The oven was quite inadvisable and I didn't really appreciate the visit.






Hopefully, Alysa came to my rescue, like the cavalry, with her weird but efficient weapons.

The beasts were defeated and they disbanded.






Poor Alysa! She didn't know she had entered a den.






We both actually realized when we were outside.




And we finished the journey shooting the breeze in the mall of my friend Chill3, where you can live the same enthralling experience in the Breeding Lab.






Alysa: i'm going to kill you

You: lol

You: you don't like the mazes?

Alysa: noooooo

You: /kiss alysa

!MultiTool-Hello-v5 - Hug/kiss/goto/etc (right forearm): You have offered to kiss Alysa.

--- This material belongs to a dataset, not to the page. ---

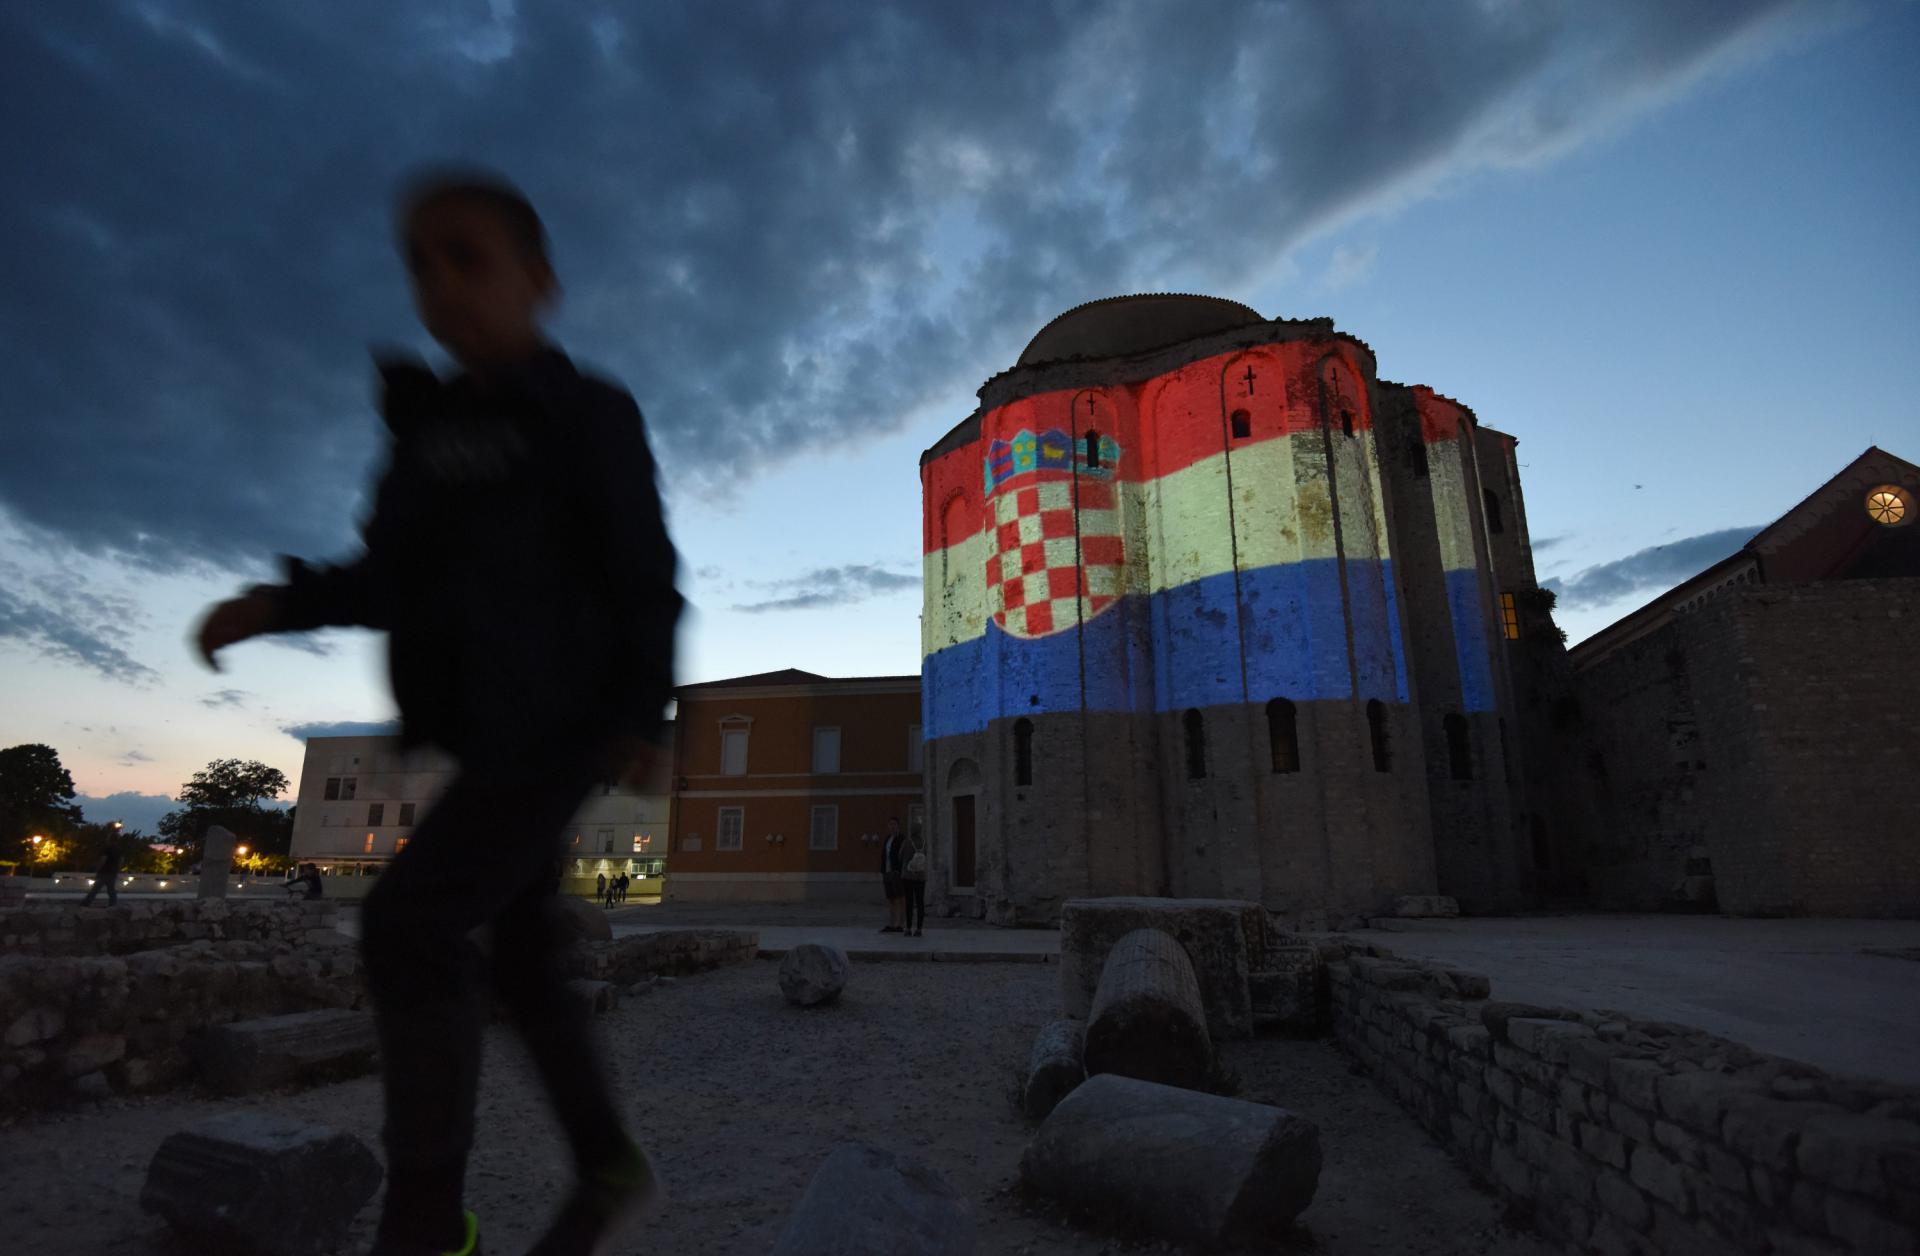 Zadarske znamenitosti u bojama nacionalne zastave: pogledajte svjetlosni spektakl koji je oduševio građane...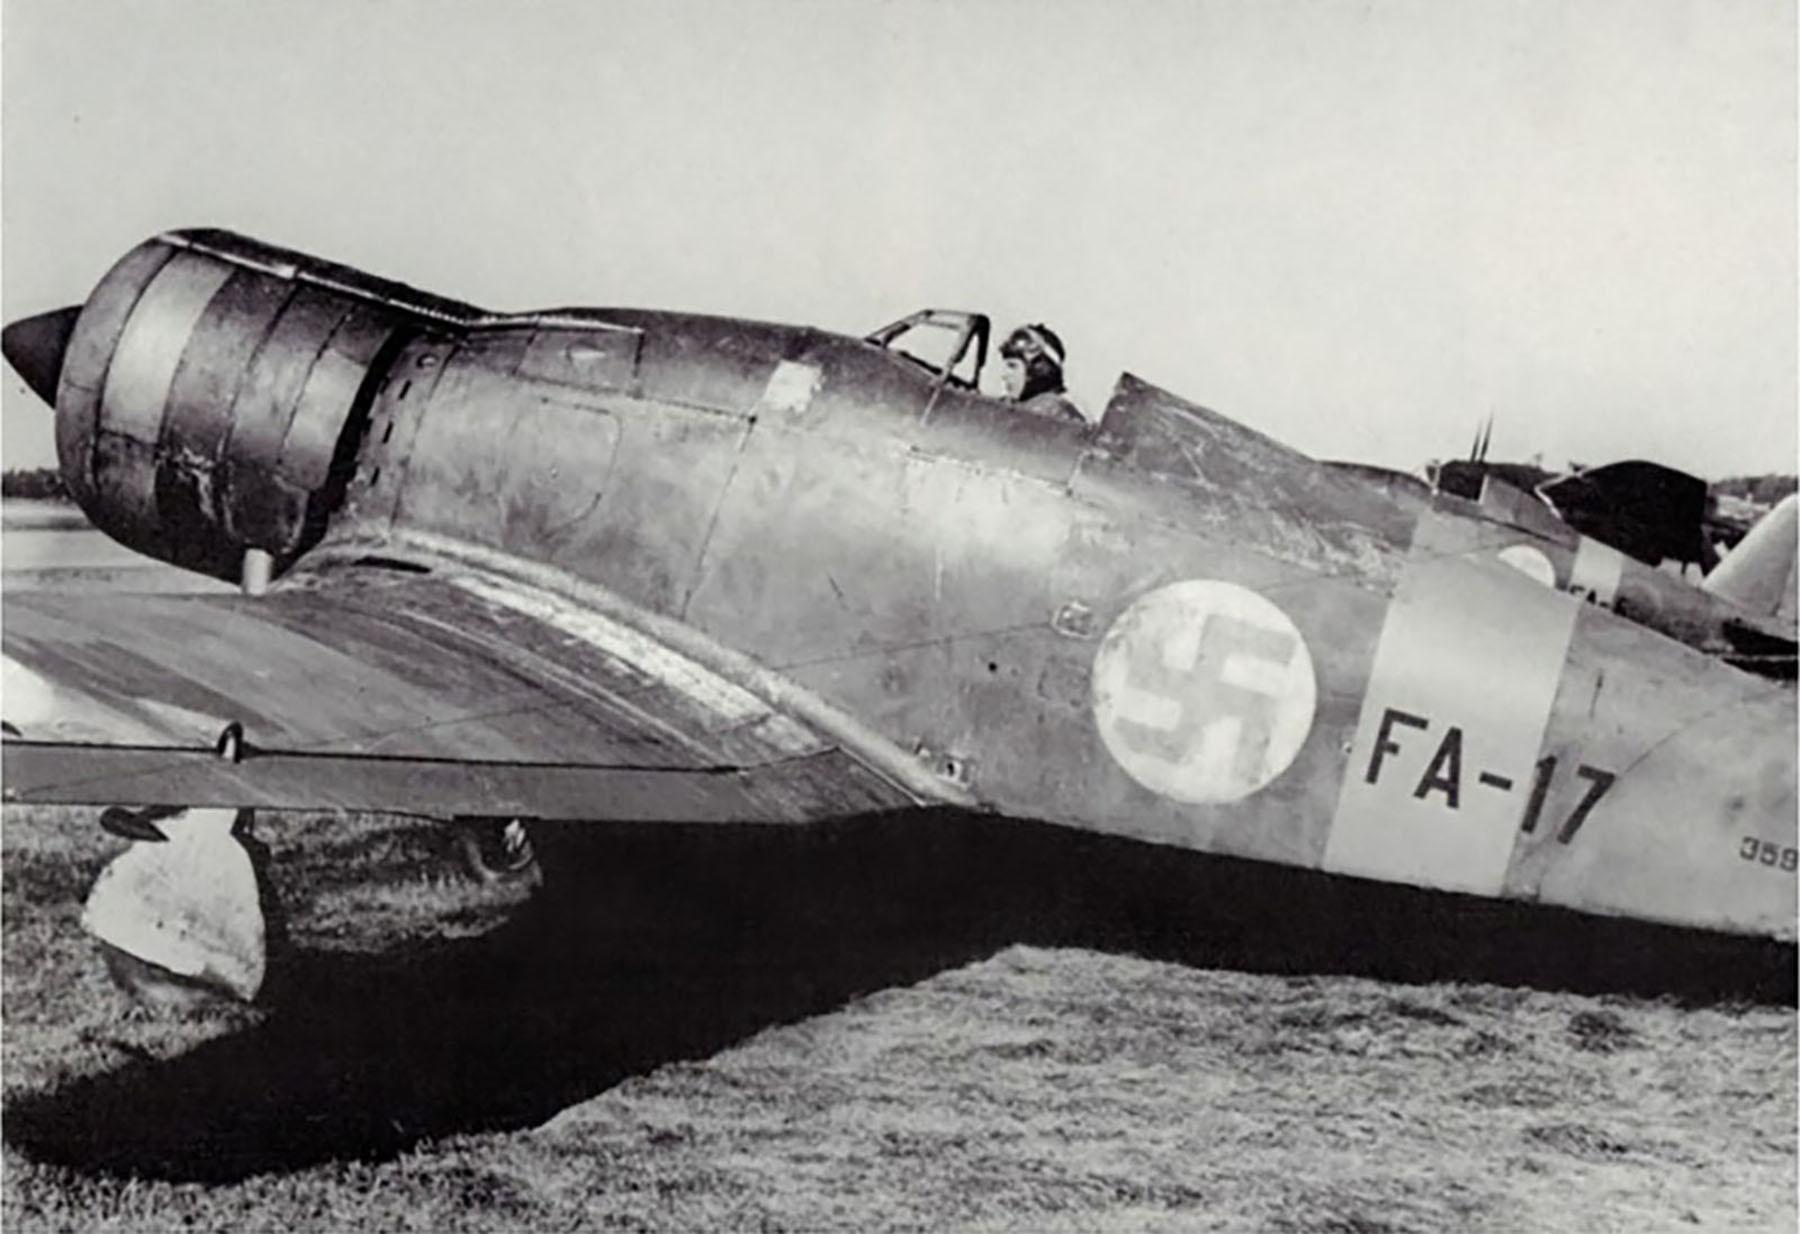 Fiat G50 Freccia FAF 3.LeLv26 FA17 MM3599 Kauhava Finland 1940 01

Alysa: i dont like confined spaces

!MultiTool-Hello-v5 - Hug/kiss/goto/etc (right forearm): Alysa has declined your kiss.

You: come here in my arms

You: /kiss alysa

!MultiTool-Hello-v5 - Hug/kiss/goto/etc (right forearm): You have offered to kiss Alysa.

Sofian gives Alysa a big kiss.

You: feel better?

Alysa: no

You: you don't like this kind of place?

You: are you still alive?

Alysa: no its weird

Alysa: lol

Alysa: sry checkin my food

etc.




That's all folks.



I see the dream and I see the nightmare, and I believe you can't have the dream without the nightmare.